Yin Yoga – The Quiet Practice

Yoga has so much to offer in the way of practice – poses for strength and poses for flexibility; sequences that stimulate and flows that calm; breathing techniques that heat you up and those that cool you down; focusing skills that help you concentrate and meditations that allow you to expand…In the span of a week, one can tailor their practice to include all these areas so that by the end of seven days you are well-balanced to start the next week. One great way to finish off your week is with the practice of Yin Yoga (you can practice yin with me on Thursdays and Sundays at 9:15 am!).

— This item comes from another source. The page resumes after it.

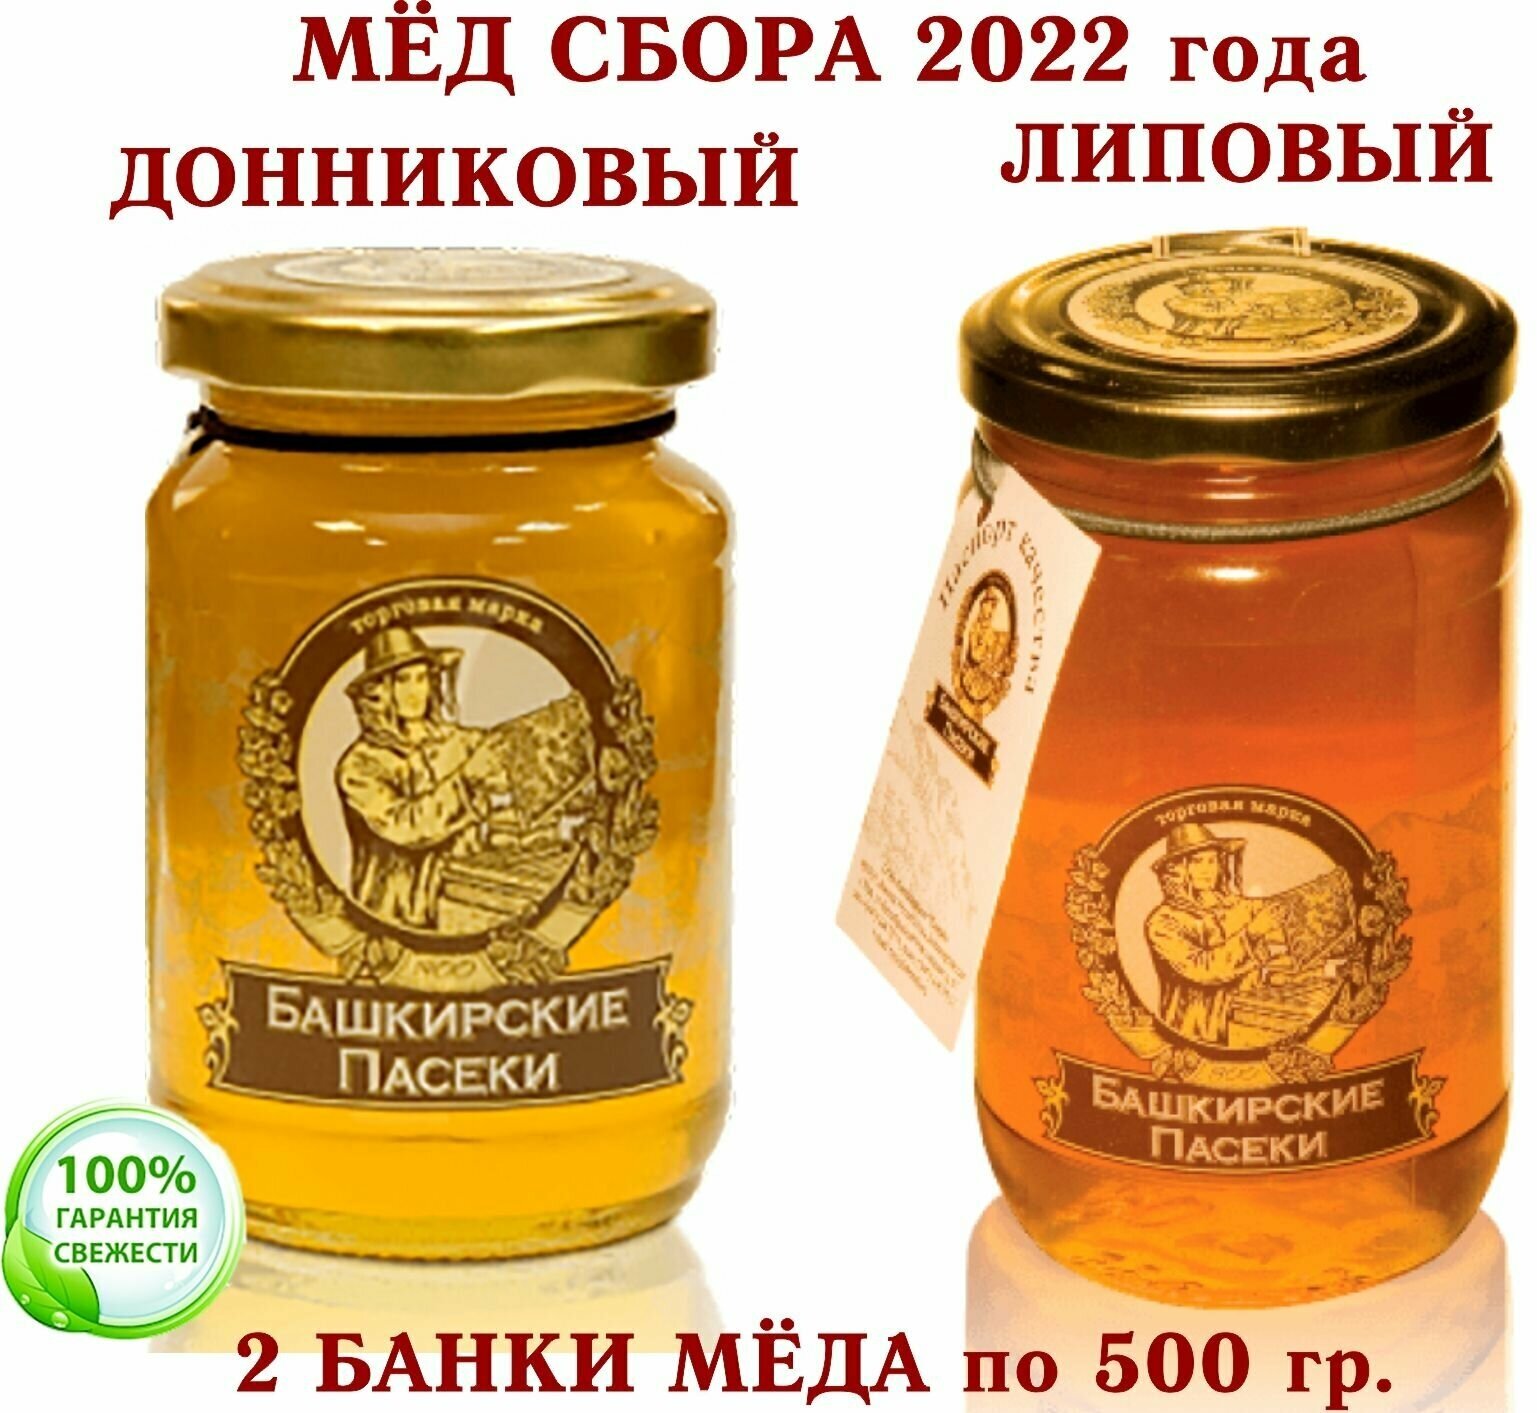 МЁД микс липовый+донниковый (Пасеки-500) "Башкирские Пасеки +" 2 * 500 гр.

Sometimes referred to as “the quiet practice”, Yin Yoga has become a wonderful complement to more active styles of yoga. In the context of yin and yang (contrasting dualities of existence), yin is slow/passive/inward/cool while yang is moving/active/outward/warm. Yin Yoga is done with little movement and no warm-up, and one is guided to passively release into a pose for an extended period of time, bringing their mental focus inward. This is not a restorative practice – it can be challenging and even stimulating to remain still and work with the sensations that come and go in the body. Our goal on a physical level is to gently bring a traction-like stimulation to the joints and deeper connective tissues in order to bring about a release of rigidity, promote better energy flow, and therefore improve mobility. Sometimes the pose will feel like a squeeze or squish as we lean or fold into it; other times the pose will feel like a pull as tissues are gently coaxed apart. Body sensations can become intense and then they subside…and we learn not to over-react or under-react. The goals on energetic and mental levels are to breathe, to stay connected, to stay present. We breathe through the experience with mindful awareness and of course, with wisdom – knowing what you know and feel of your body (your health situation, your injuries, your current mind-state, etc.), you are asked to make skillful decisions in guiding your body to its appropriate edge, not pushing beyond that edge. And you always have the choice not to go there at all if this practice isn’t right for you at the time (recent injury, acute health condition, high anxiety, etc.). So there is a huge component in this practice of mindfulness – being very present at all times as a discerning participant and keen observer.

My experience of Yin Yoga has run the gamut from profound release to frustration (as one of my dear teachers calls it, “from blissed to pissed”…). It reminds me of the ebbs and flows of life…Some days I let go completely and allow the practice to unfold, gently releasing my muscular gripping and feeling into the pull of the tissues. When I’m focused and present, I can direct my awareness to my breath and actually feel a deeper energetic release that sometimes defies explanation. Not just a physical release in the body, but mentally and emotionally letting go. Other times, I am impatient and restless as I resist the “pose I don’t like”. My hips ache, my mind wanders, I need to hurry up to get to my emails, and I can’t wait until it’s over as I fidget and silently complain. On those days, my practice is self-compassion and acceptance…

All yoga is about finding harmony within oneself – balance in body, breath, emotions, mind..and this balance allows us to connect on a deeper level to one another, and to Spirit. Yin Yoga, as a complement to more active, yang-style practices, offers one more way we can return to harmony.